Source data
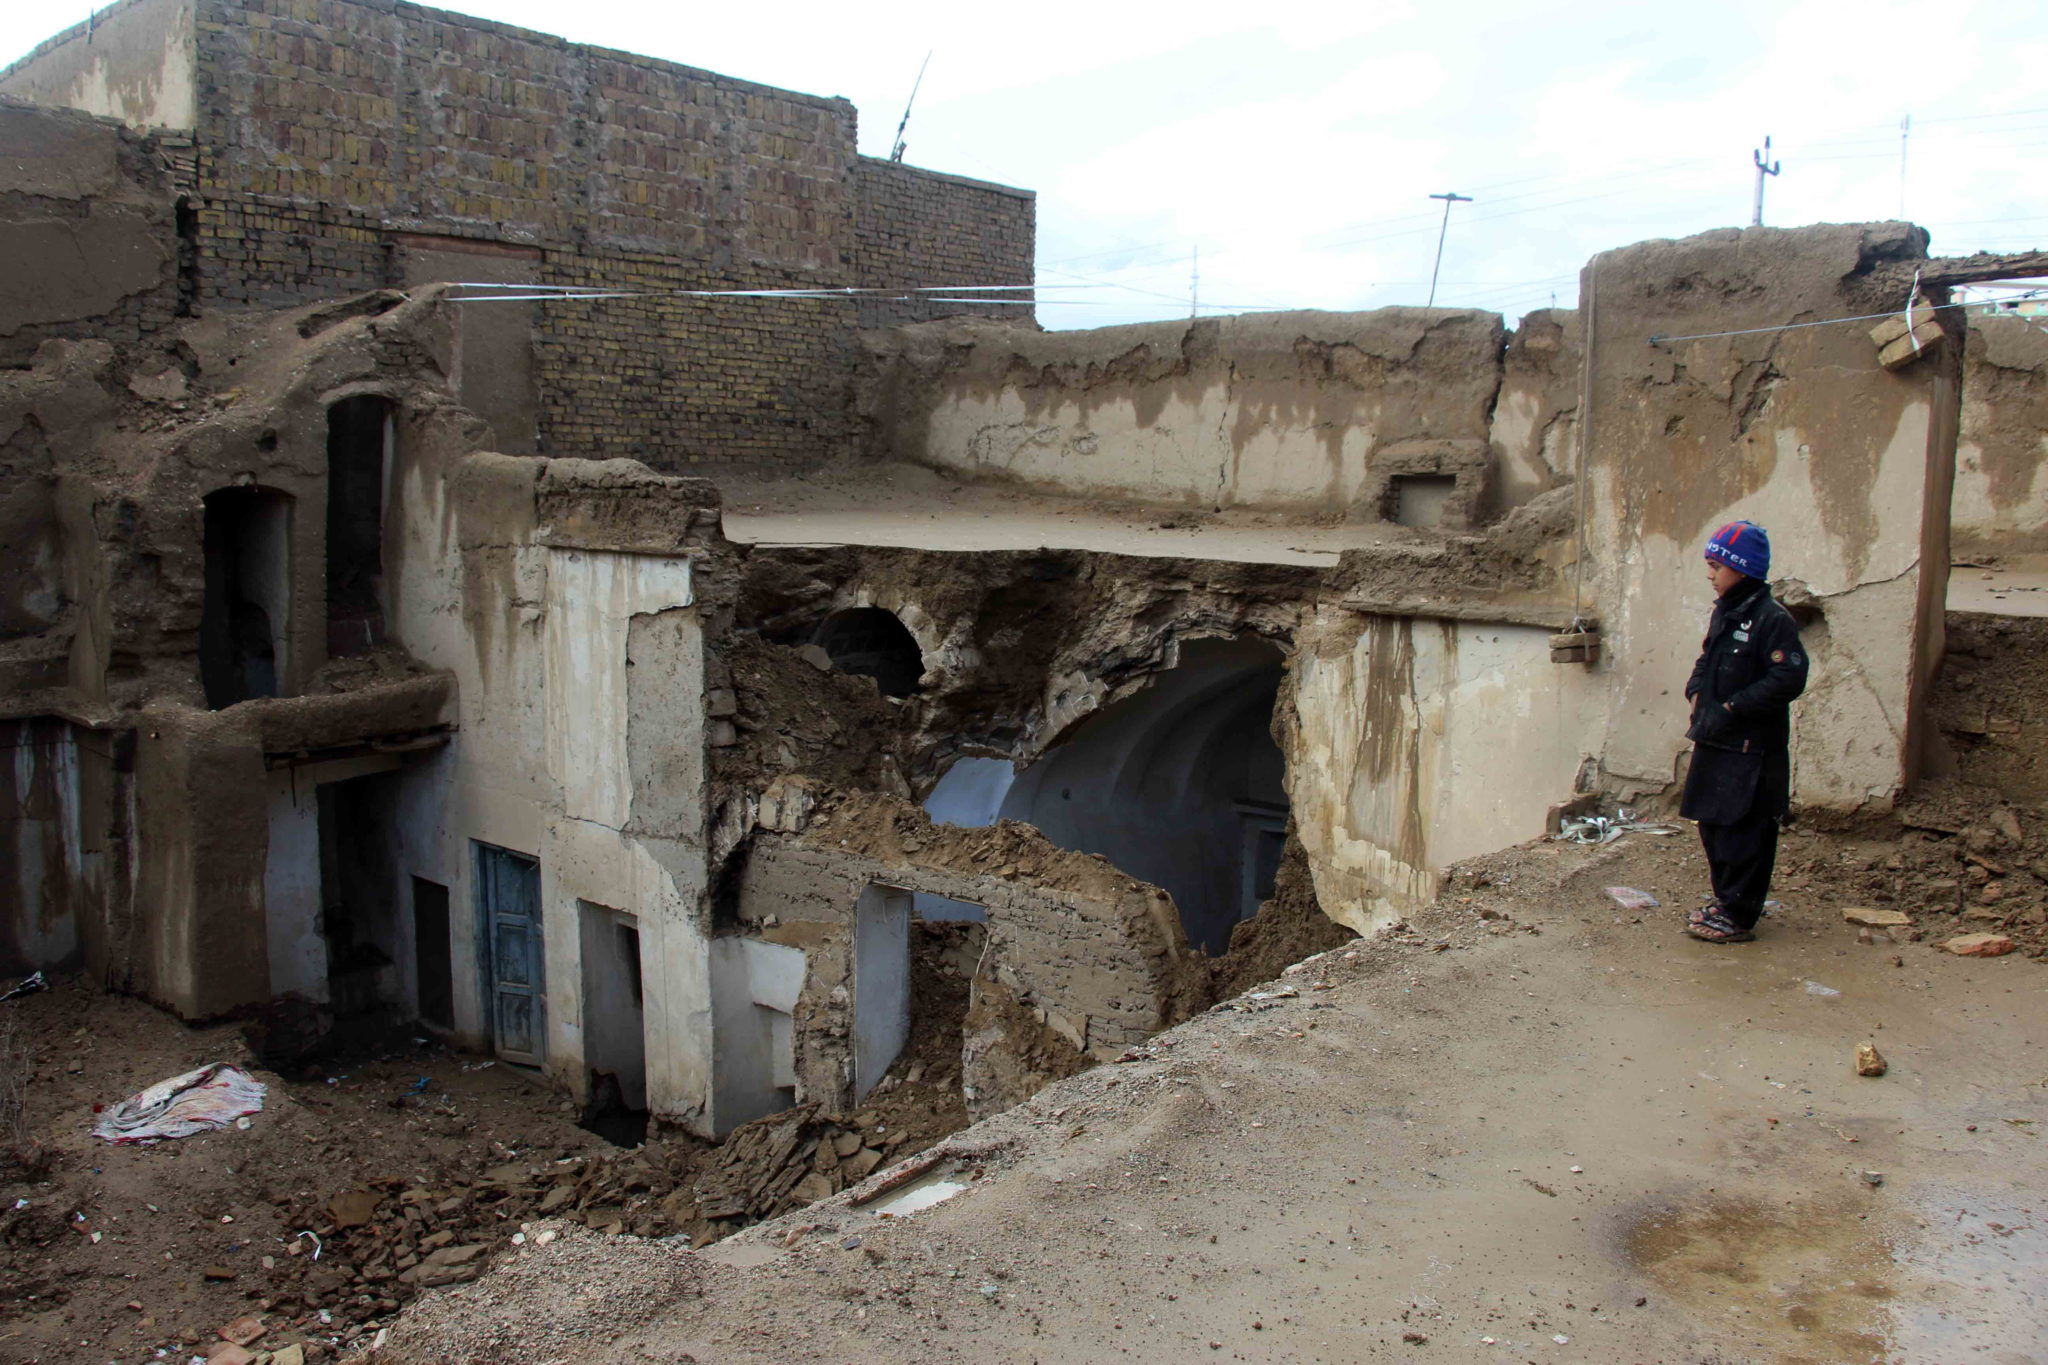 Kandahar, południowy Afganistan: zniszczenia po silnych ulewach, które spowodowały liczne podtopienia i powodzenia, fot. MUHAMMAD SADIQ, PAP/EPA 
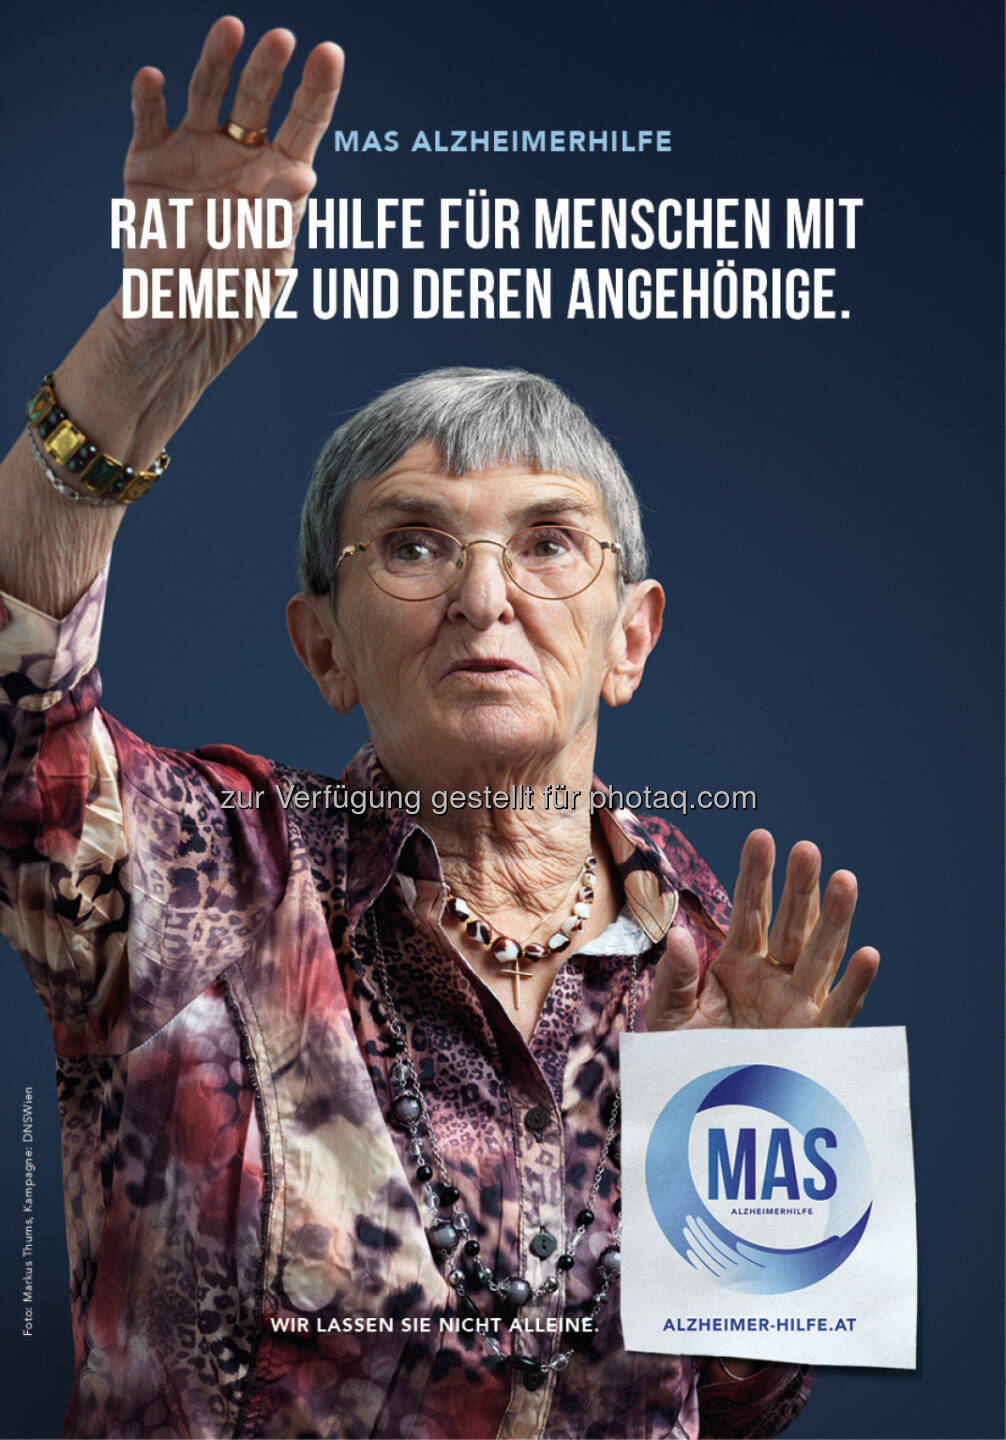 MAS Alzheimerhilfe: Broschüre: Rat und Hilfe für Menschen mit Demenz und deren Angehörige
(C) MAS Alzheimerhilfe 
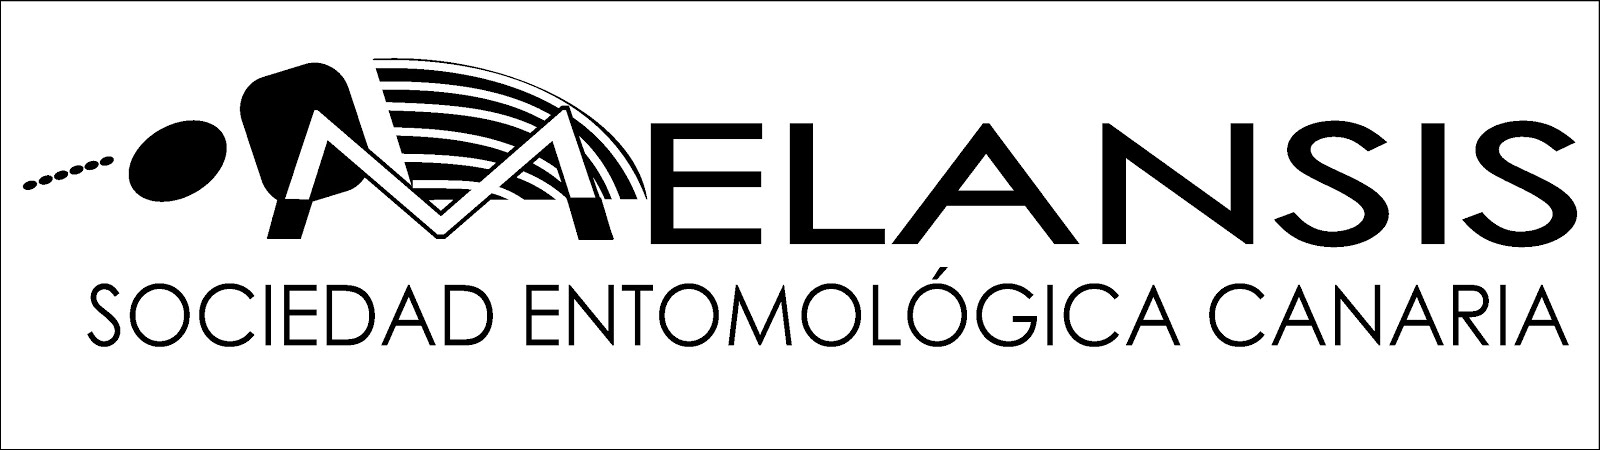 Sociedad Entomológica Canaria Melansis
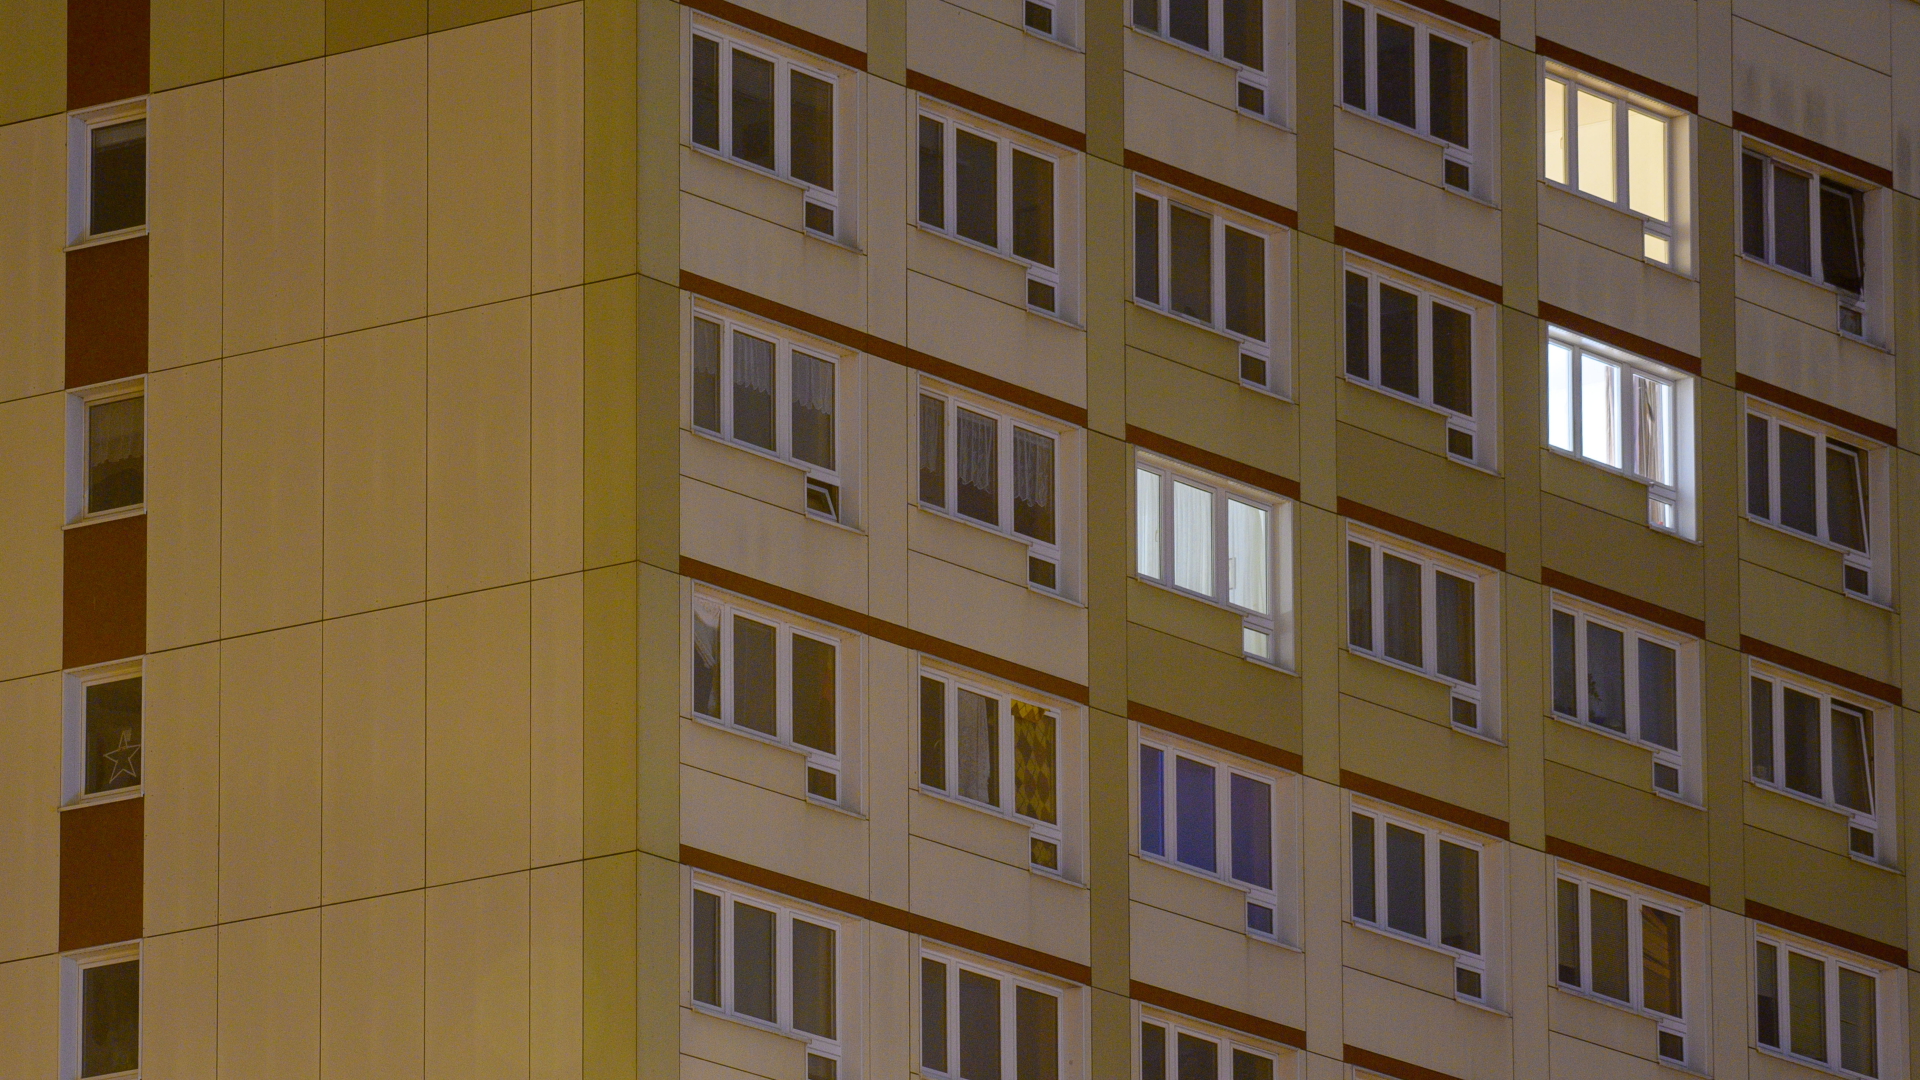 Vereinzelt brennen Lichter in den Fenstern eines Hochhauses. | dpa

Requirement: Reproduce the data exactly, please, and omit its pictures.

Written solution:
 Kandahar, południowy Afganistan: zniszczenia po silnych ulewach, które spowodowały liczne podtopienia i powodzenia, fot. MUHAMMAD SADIQ, PAP/EPA 
 MAS Alzheimerhilfe: Broschüre: Rat und Hilfe für Menschen mit Demenz und deren Angehörige
(C) MAS Alzheimerhilfe 
 Sociedad Entomológica Canaria Melansis
 Vereinzelt brennen Lichter in den Fenstern eines Hochhauses. | dpa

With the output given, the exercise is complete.